The plot shows the regression spline fits with df ranging from 3 to 10. Lower degrees (3–5) produce smooth curves that generalize well. Higher degrees (8–10) allow the model to closely follow the data, especially in regions with dense points, but may begin to overfit or introduce unnecessary wiggles.

We fit regression splines with degrees of freedom from 3 to 10 to model nox as a function of dis. As expected, the Residual Sum of Squares (RSS) decreased steadily, from 1.93 (df = 3) to 1.79 (df = 10). This confirms that additional flexibility improves the in-sample fit. However, the rate of RSS improvement diminishes beyond df = 6, and the plotted curves become increasingly complex. This suggests that degrees between 5 and 7 offer a good trade-off between bias and variance, while higher df (e.g., 9–10) may risk overfitting. The best approach would involve cross-validation to formally assess predictive accuracy for each spline.

9f)

library(MASS)
library(boot)
library(splines)

data(Boston)

set.seed(42)

df.range <- 3:10
cv.errors <- numeric(length(df.range))

# Use fixed boundary to prevent errors during CV
boundary <- range(Boston$dis)

# Perform 10-fold CV for each df
for (i in seq_along(df.range)) {
  df <- df.range[i]
  fit <- glm(nox ~ bs(dis, df = df, Boundary.knots = boundary), data = Boston)
  cv.errors[i] <- cv.glm(Boston, fit, K = 10)$delta[1]
}

# Plot CV error vs df
plot(df.range, cv.errors, type = "b", pch = 19, col = "blue",
     xlab = "Degrees of Freedom", ylab = "10-fold CV Error",
     main = "CV Error for Regression Spline")

# Print optimal df
best.df <- df.range[which.min(cv.errors)]
cat(sprintf("Best degrees of freedom by CV: %d\n", best.df))

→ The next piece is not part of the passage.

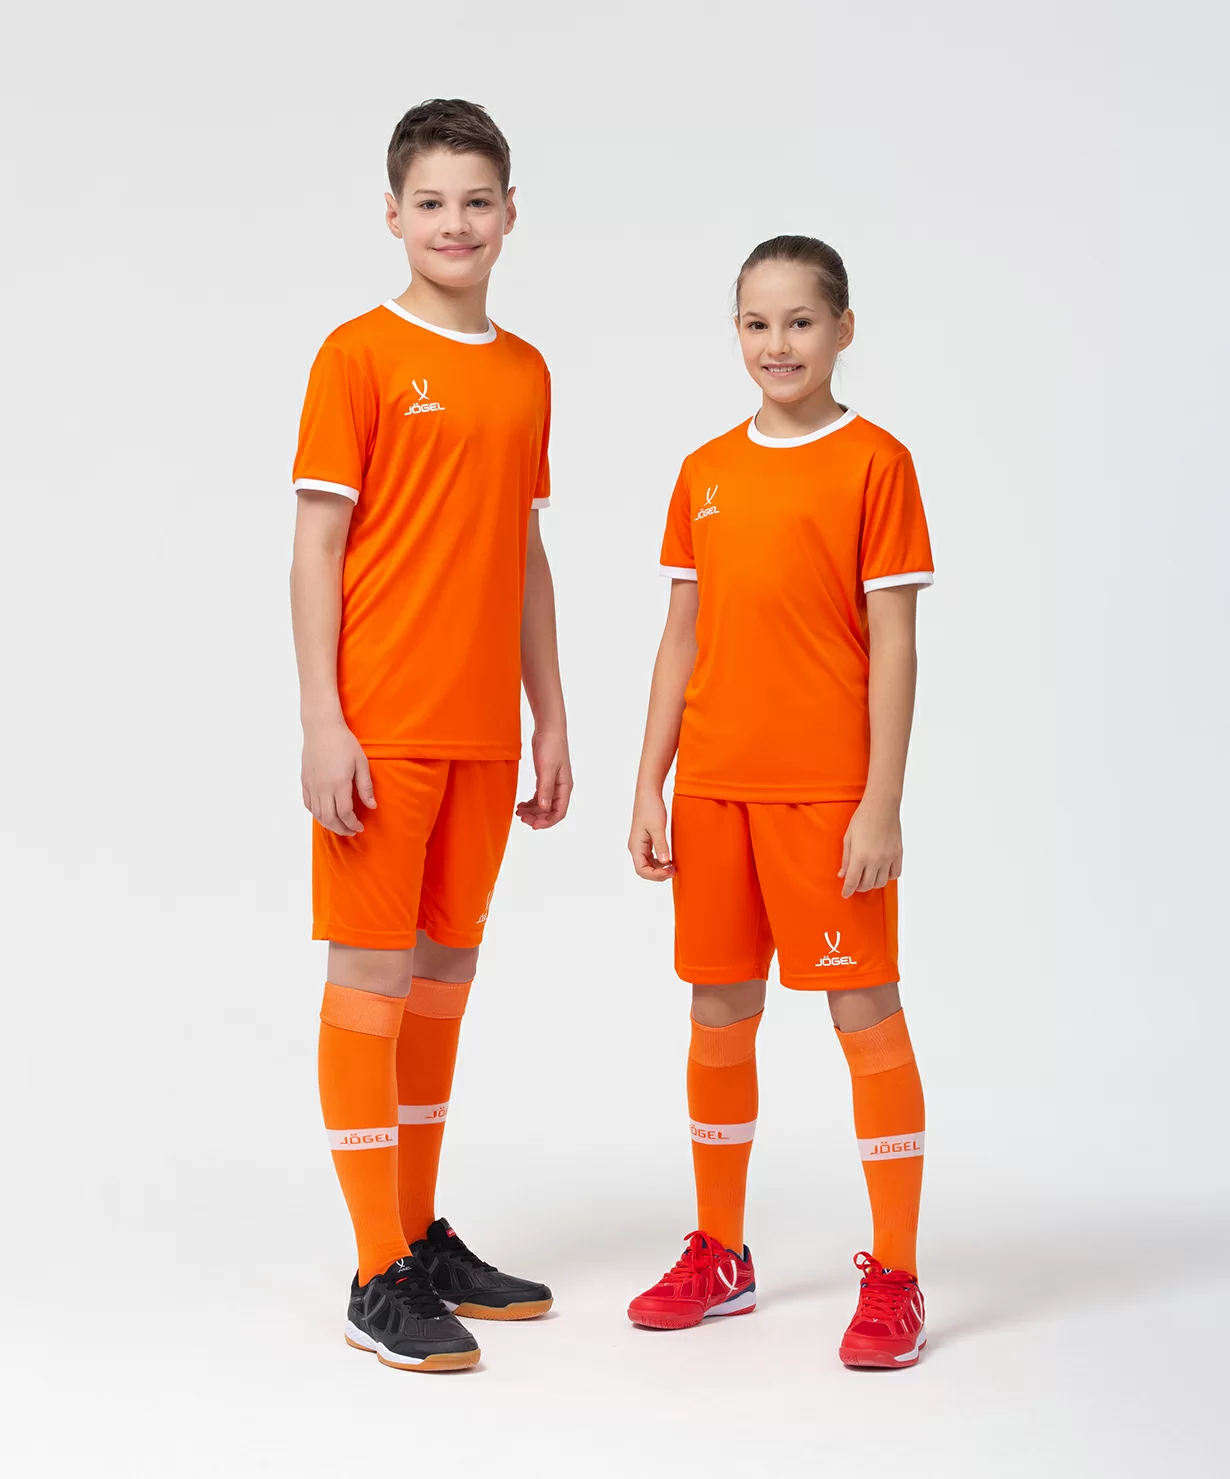 Реальное фото Шорты игровые CAMP Classic Shorts, оранжевый/белый, детский Jögel от магазина Спортев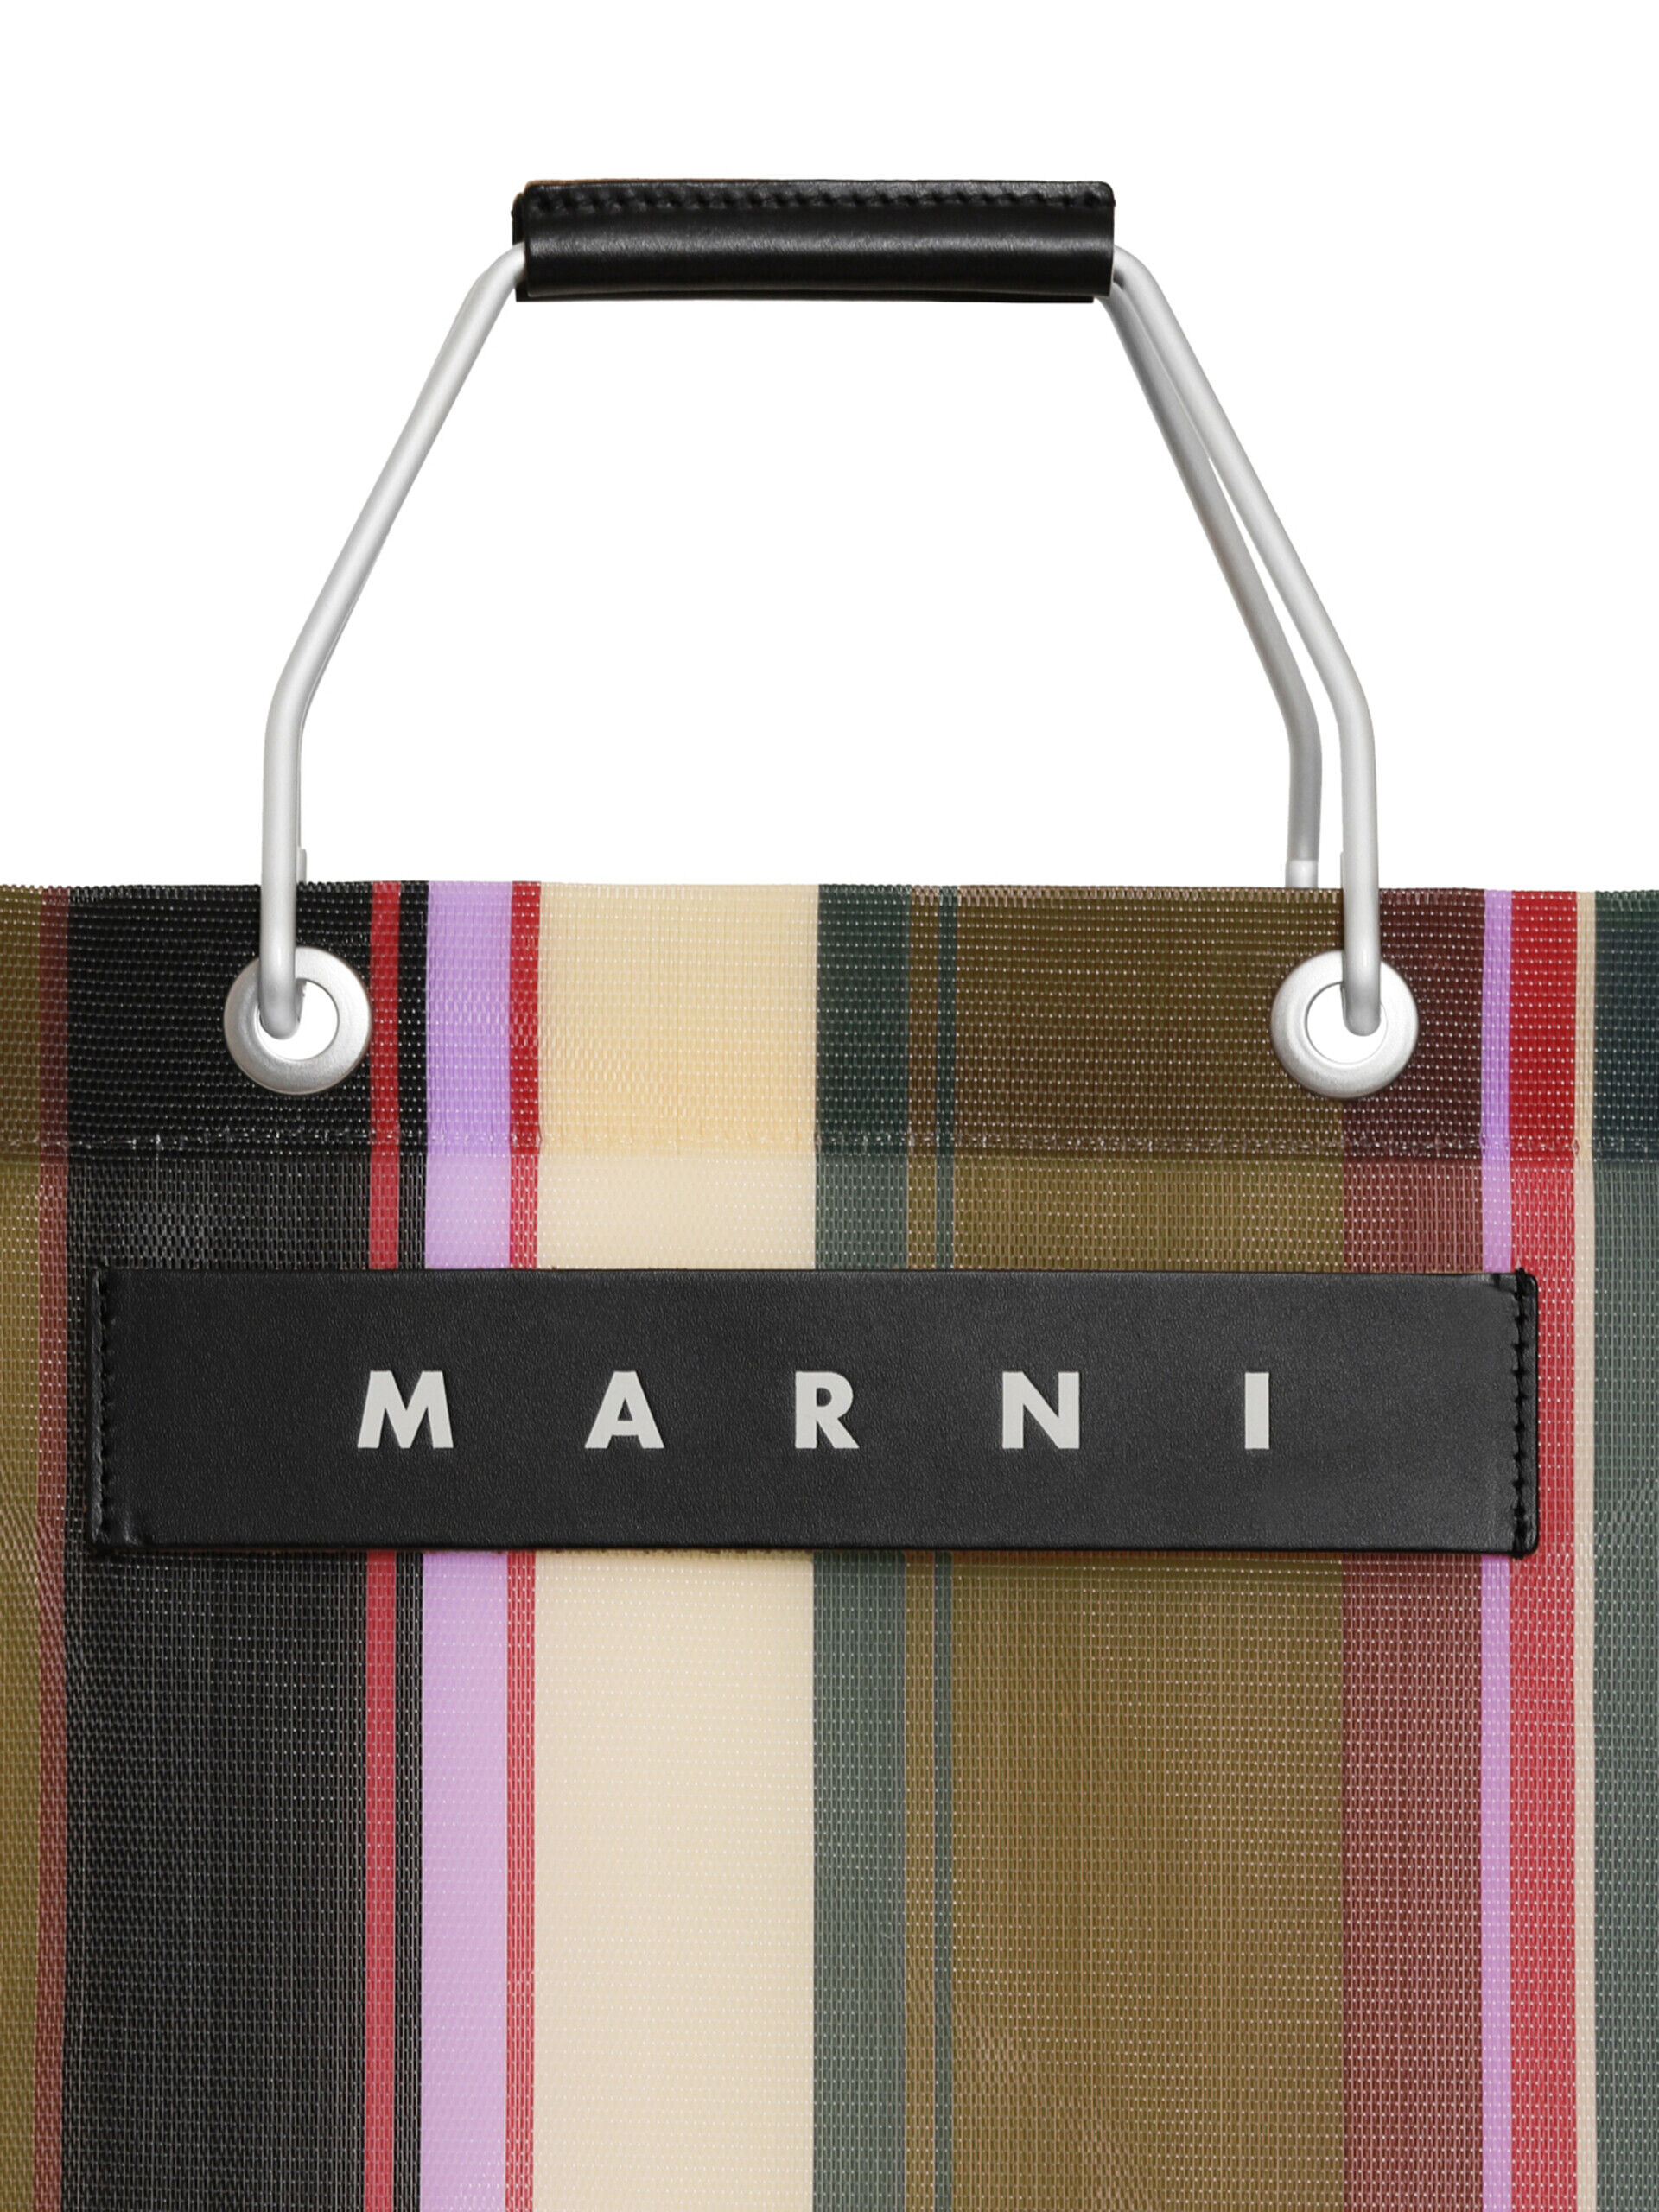 キャラメル(キャラメルブラウン) MARNI MARKET STRIPE BAG | Marni

## Best degrees of freedom by CV: 10

We applied 10-fold cross-validation to select the best degrees of freedom (df) for a regression spline modeling nox as a function of dis using the bs() function. The cross-validation error was evaluated for df values ranging from 3 to 10. While the error fluctuated slightly, the lowest CV error was observed at df = 10. The CV error curve suggests that models with moderate to high flexibility (df = 6 to 10) perform similarly, but df = 10 yielded the best generalization to unseen data based on this metric. Therefore, a regression spline with 10 degrees of freedom is selected as the optimal model for this analysis.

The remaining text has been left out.